For this assignment, you'll revisit the historical temperature dataset. To complete this assignment, submit a link a Jupyter notebook containing your solutions to the following tasks:

* First, load the dataset from the **weatherinszeged** table from Thinkful's database.
* Like in the previous checkpoint, build a linear regression model where your target variable is the difference between the *apparenttemperature* and the *temperature*. As explanatory variables, use *humidity* and *windspeed*. Now, estimate your model using OLS. What are the R-squared and adjusted R-squared values? Do you think they are satisfactory? Why? 
* Next, include the interaction of *humidity* and *windspeed* to the model above and estimate the model using OLS. Now, what is the R-squared of this model? Does this model improve upon the previous one? 
* Add *visibility* as an additional explanatory variable to the first model and estimate it. Did R-squared increase? What about adjusted R-squared? Compare the differences put on the table by the interaction term and the *visibility* in terms of the improvement in the adjusted R-squared. Which one is more useful?
* Choose the best one from the three models above with respect to their AIC and BIC scores. Validate your choice by discussing your justification with your mentor.
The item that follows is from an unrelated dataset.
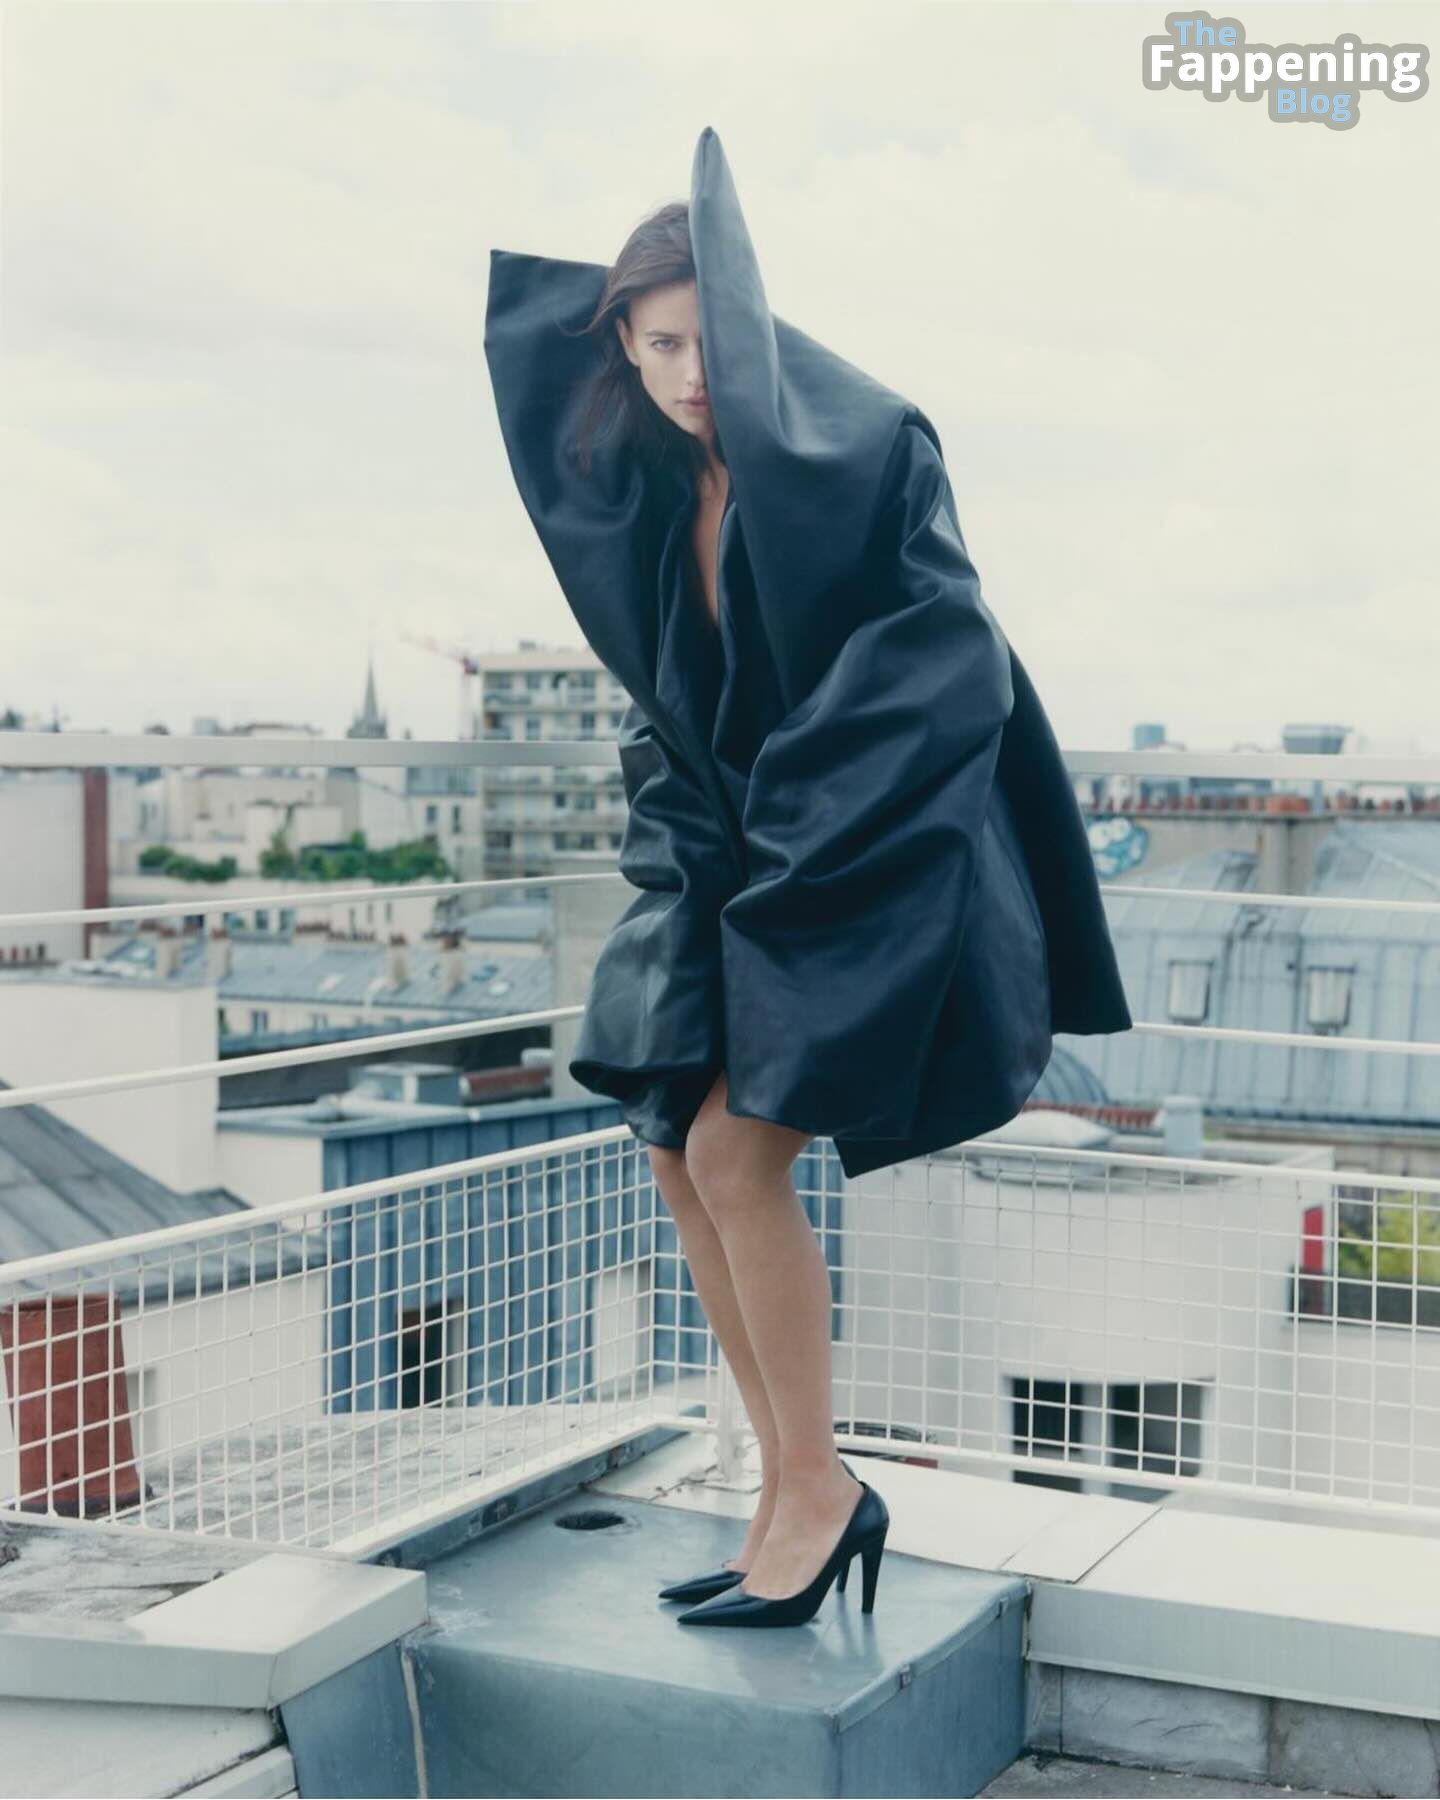 Irina Shayk Hot – 032c Magazine (4 New Photos)
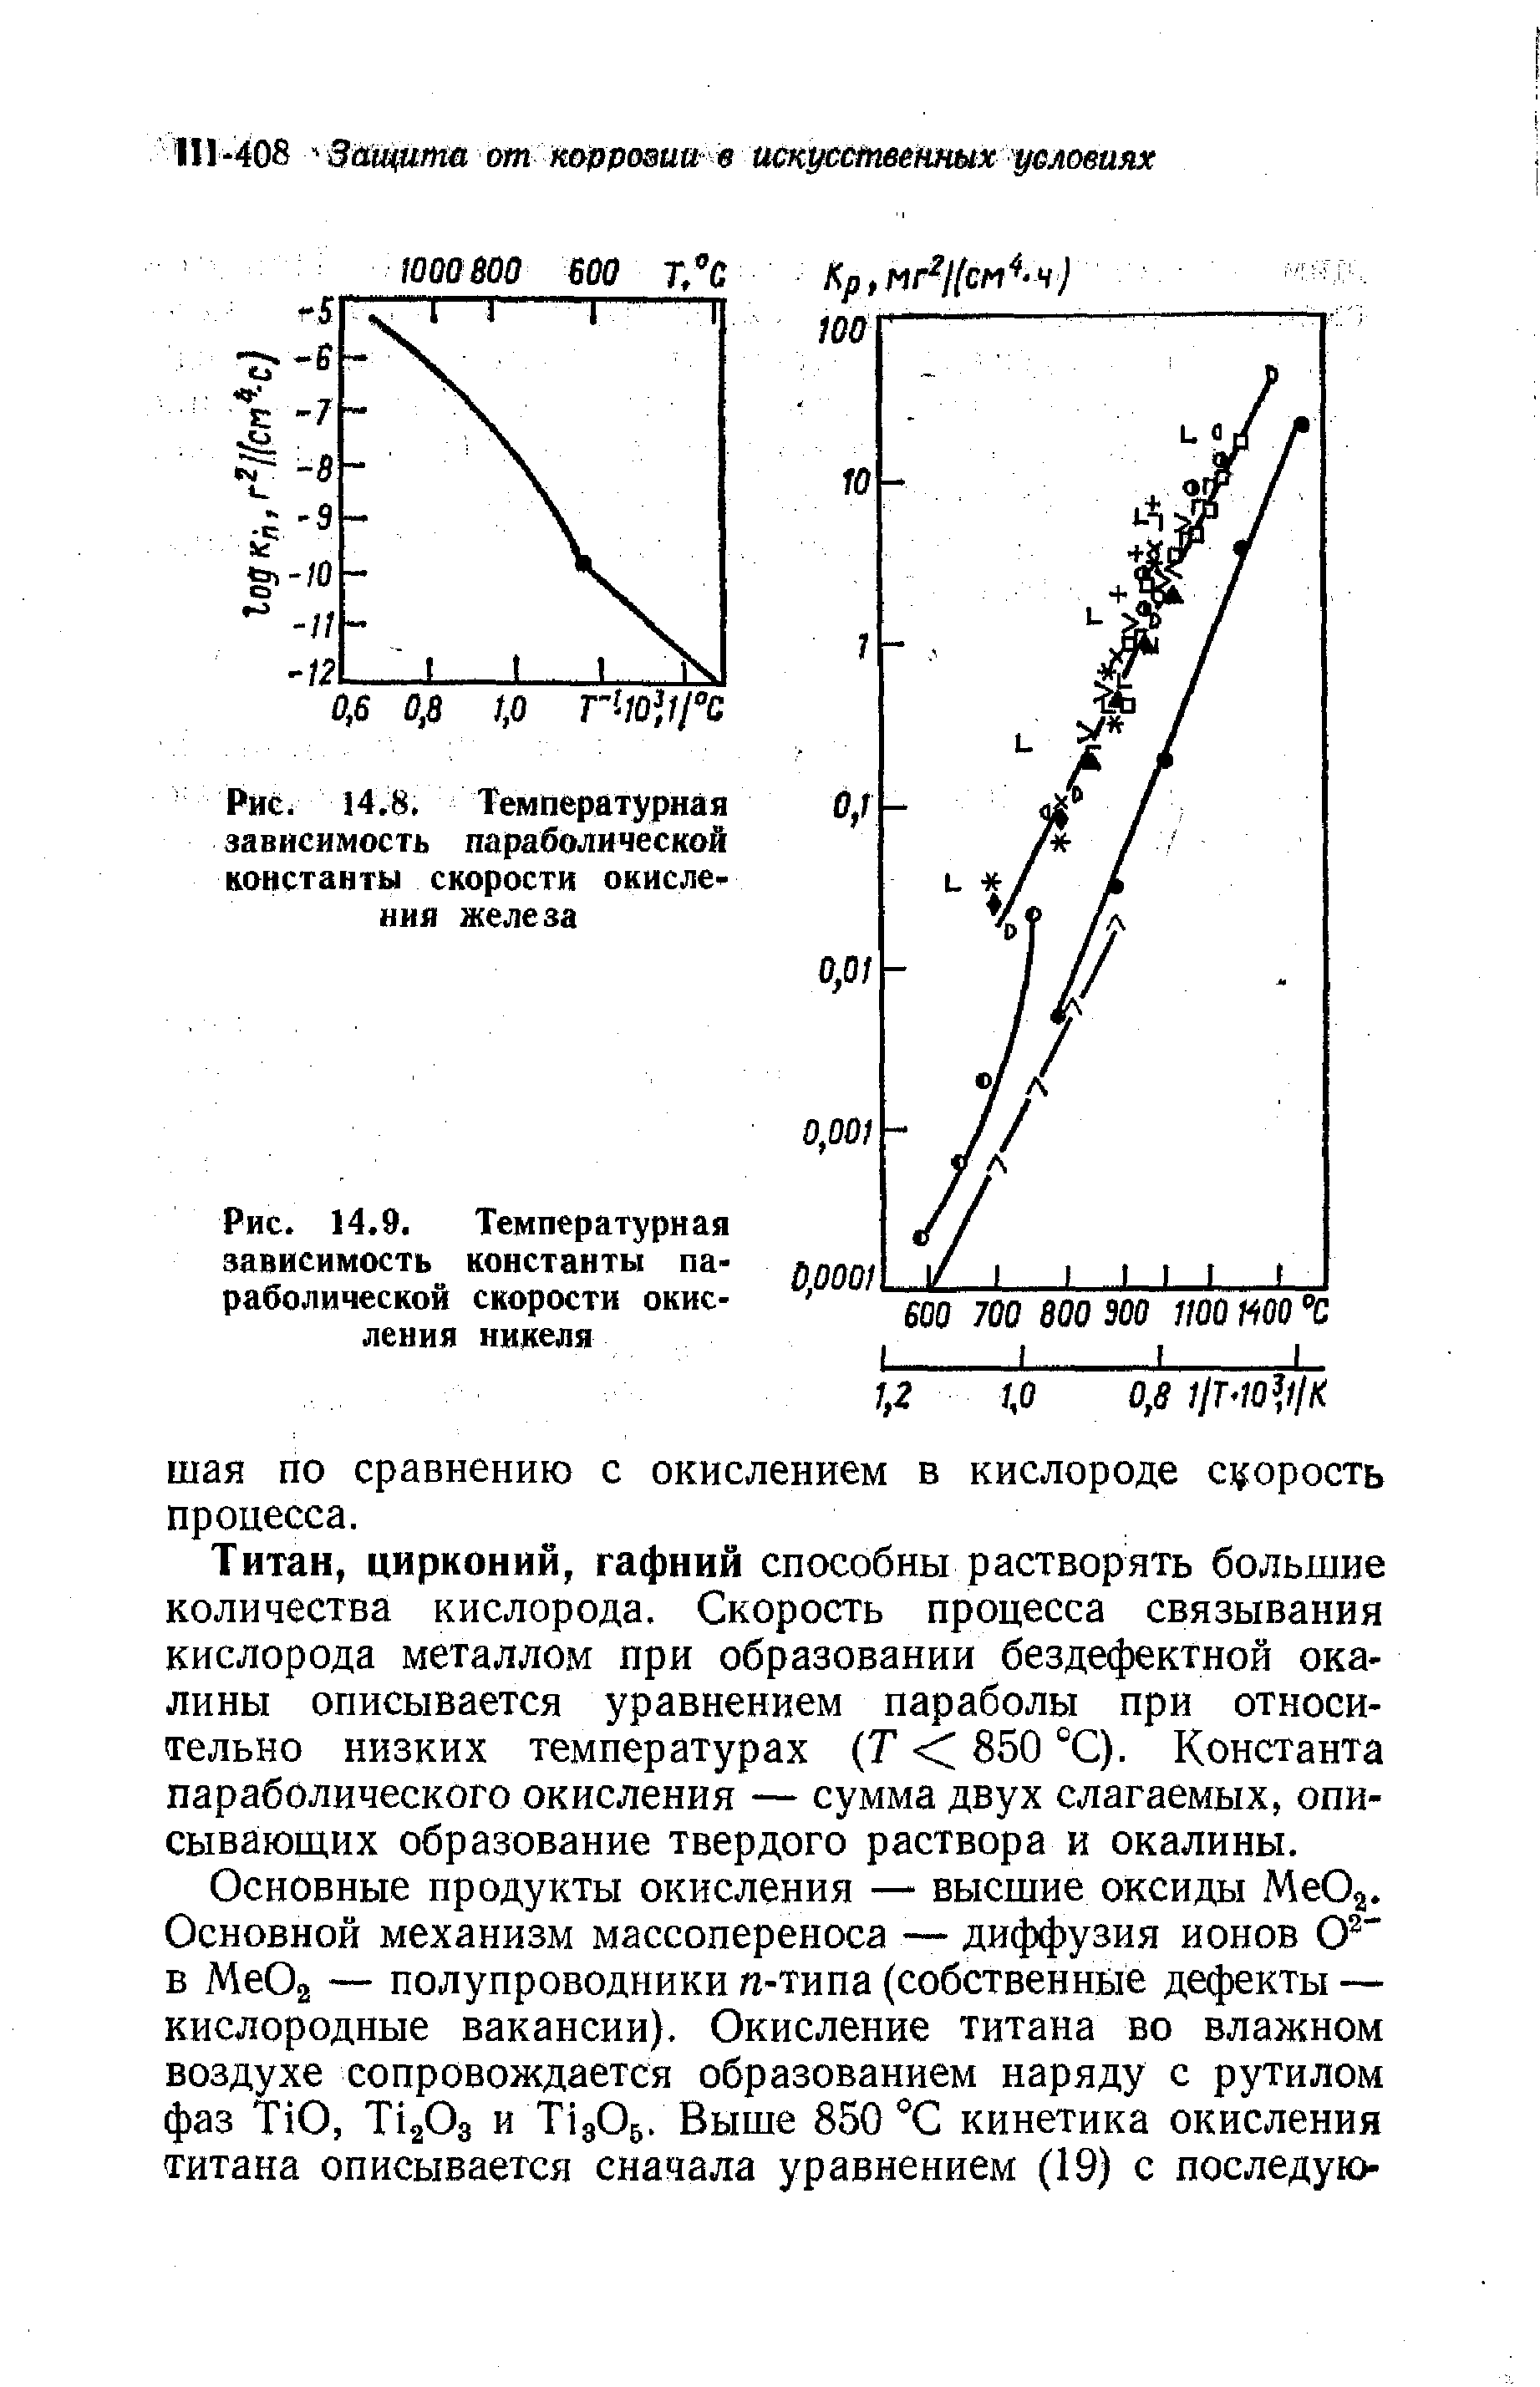 Рис. 14.9. <a href="/info/191882">Температурная зависимость</a> константы параболической скорости окисления никеля

###  2. House prices model

In this exercise, you'll work on your house prices model. To complete this assignment, submit a link to a Jupyter notebook containing your solutions to the following tasks:

* Load the **houseprices** data from Thinkful's database.
* Run your house prices model again and assess the goodness of fit of your model using F-test, R-squared, adjusted R-squared, AIC and BIC.
* Do you think your model is satisfactory? If so, why?
* In order to improve the goodness of fit of your model, try different model specifications by adding or removing some variables. 
* For each model you try, get the goodness of fit metrics and compare your models with each other. Which model is the best and why?